Mr. Grot, a dissident from Belarus who moved to Ukraine in 2014 to join the military, had to do a lot of his own recovery research. He found a job as an instructor on a training base and searched for sports to help him adapt to the loss of his foot.

That’s how he discovered Brazilian jujitsu, which, unlike most martial arts, does not require extended periods of standing. A long trip to Brazil for intense training hooked him. “I felt like I was able to win over healthy guys because I didn’t have a leg,” said Mr. Grot, who now has a black belt.

After the 2022 Russian invasion, Mr. Grot wanted to expand access to the sport. In 2023, he teamed up with a local jujitsu program to have a new gym built in Kyiv where soldiers and veterans could practice together. It was financed in part by grants and donations, including from the U.S.-based charity Nova Ukraine.

Since it opened, around 200 veterans have come through the gym, TMS Hub, where they feel understood, he said. Such a space is important in a society where, as Mr. Grot said, “we have a big gap between the guys who went to the war and the ones who didn’t.”

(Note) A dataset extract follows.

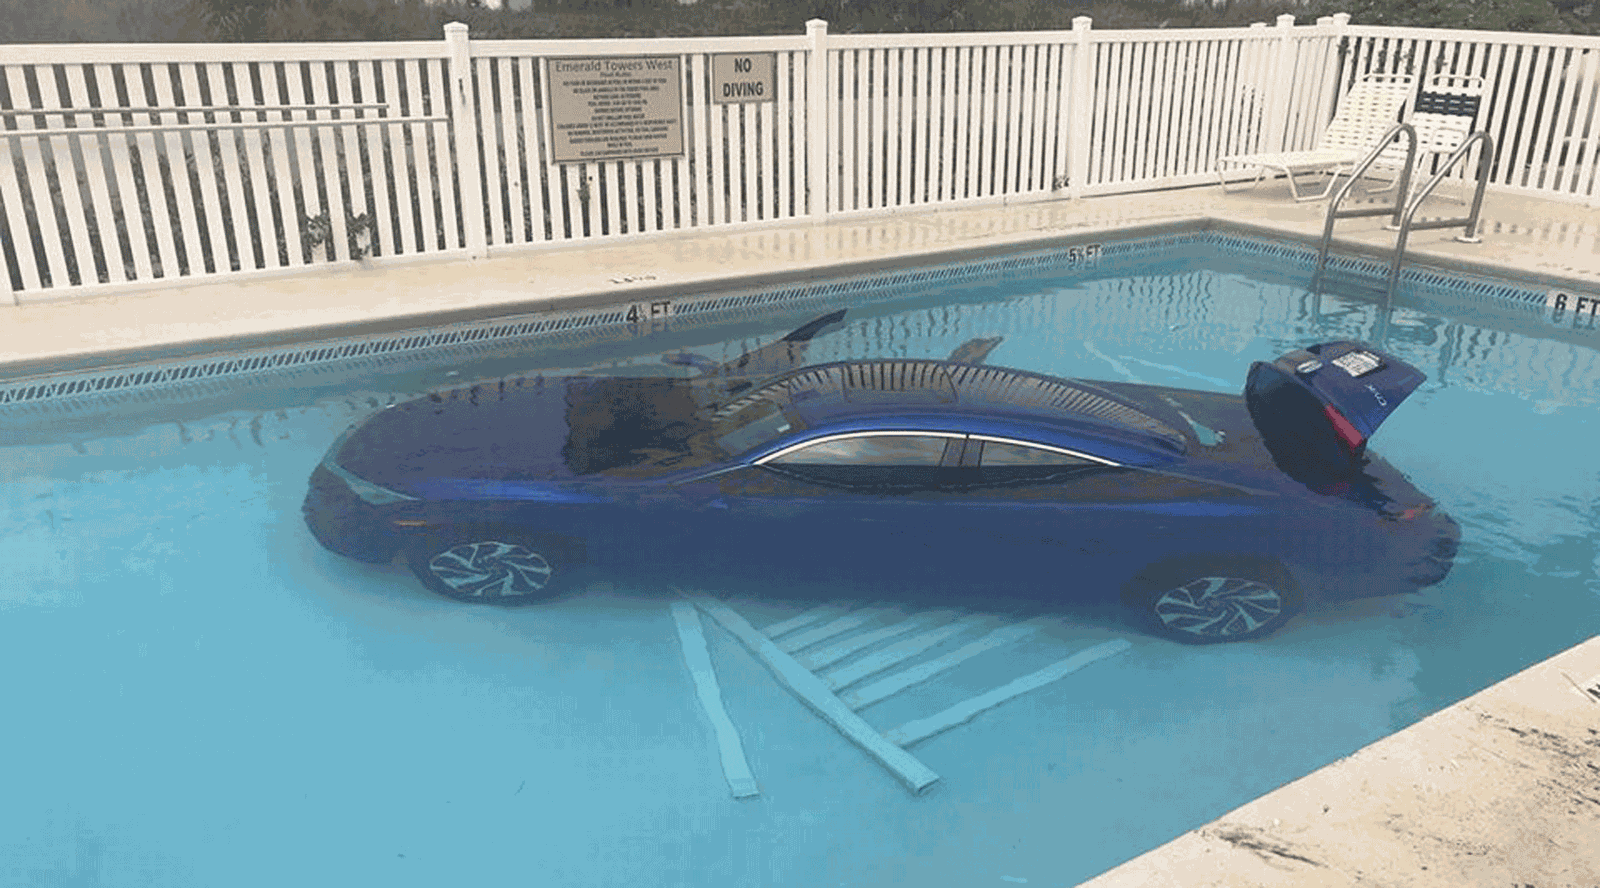 Motorista esquece de puxar o freio de mão e carro cai em piscina nos EUA

That gap is visible even in friendly training, said the gym’s main coach, Oleh Iskra, who has trained both civilians and soldiers. “I need to teach them to be able to lose,” he said. Even while practicing, he said, “they turn it into a battle.”

The athletes he now coaches have spent months learning to use a prosthetic limb. He tells them to take it off and then teaches them how to fight without it.

“I need to separate what they cannot do because they don’t know how to do it right now from when they can’t do something because they can’t do it,” Mr. Iskra said. The barriers they face in the fight are often more mental than physical, he said.

Bohdan Ivasyshyn, 24, said of a land-mine explosion that took his left arm and eye: “I thought I would die and that’s it. I accepted it. I couldn’t understand why I survived.”

The community he found through jujitsu, he said, has returned color to his days. On a recent Saturday at TMS Hub, he grappled with Oleksandr Dashko, 29, who lost his left leg at the front and later climbed to Everest base camp on a prosthesis.

Last month, when the club organized a day out on the river, Mr. Ivasyshyn built up the courage to try a standing wake board. He crashed several times but eventually kept himself upright with just one arm. From the dock, his friends, many with missing legs, cheered him on.

Oleksandr Yaremenko, 39, was on the other side of the river that day, trying out a paddle board. Since losing his leg last year, he had been frustrated by a clunky prosthesis that got in the way of sports. Within days of getting a lighter one from the Protez Foundation, he had joined a morning group run. He headed straight to jujitsu training that afternoon.

“The main thing was to get out alive,” he said of the day he was wounded. “Losing a limb is not a problem.”

Mr. Yaremenko still hopes to return to a military role, probably in air defense, as soon as he can stand on his prosthesis for a 12-hour shift.

Mr. Kuzmenko, on the other hand, knows his special-forces days are most likely over.

For months after losing his leg in the eastern city of Toretsk in 2024, he could remember every second of the 13 hours he waited for rescue. Collapsing when a Russian bullet pierced his hip bone. Dragging himself into an abandoned house. The pain of tightening tourniquets around his limp leg. Using his own blood to write a message for help.

The hardest part, though, was learning that his friend Roman, one of the soldiers who eventually saved him, was killed when he returned to collect ammunition from the same area the next day. Time, along with the community Mr. Kuzmenko has built, has helped.

When he took off on the wake board last month, he wasn’t thinking about his injury. Instead, he remembered Roman, who loved a good adventure. Mr. Kuzmenko said he hoped his friend was watching from above and thinking, “OK, not bad.”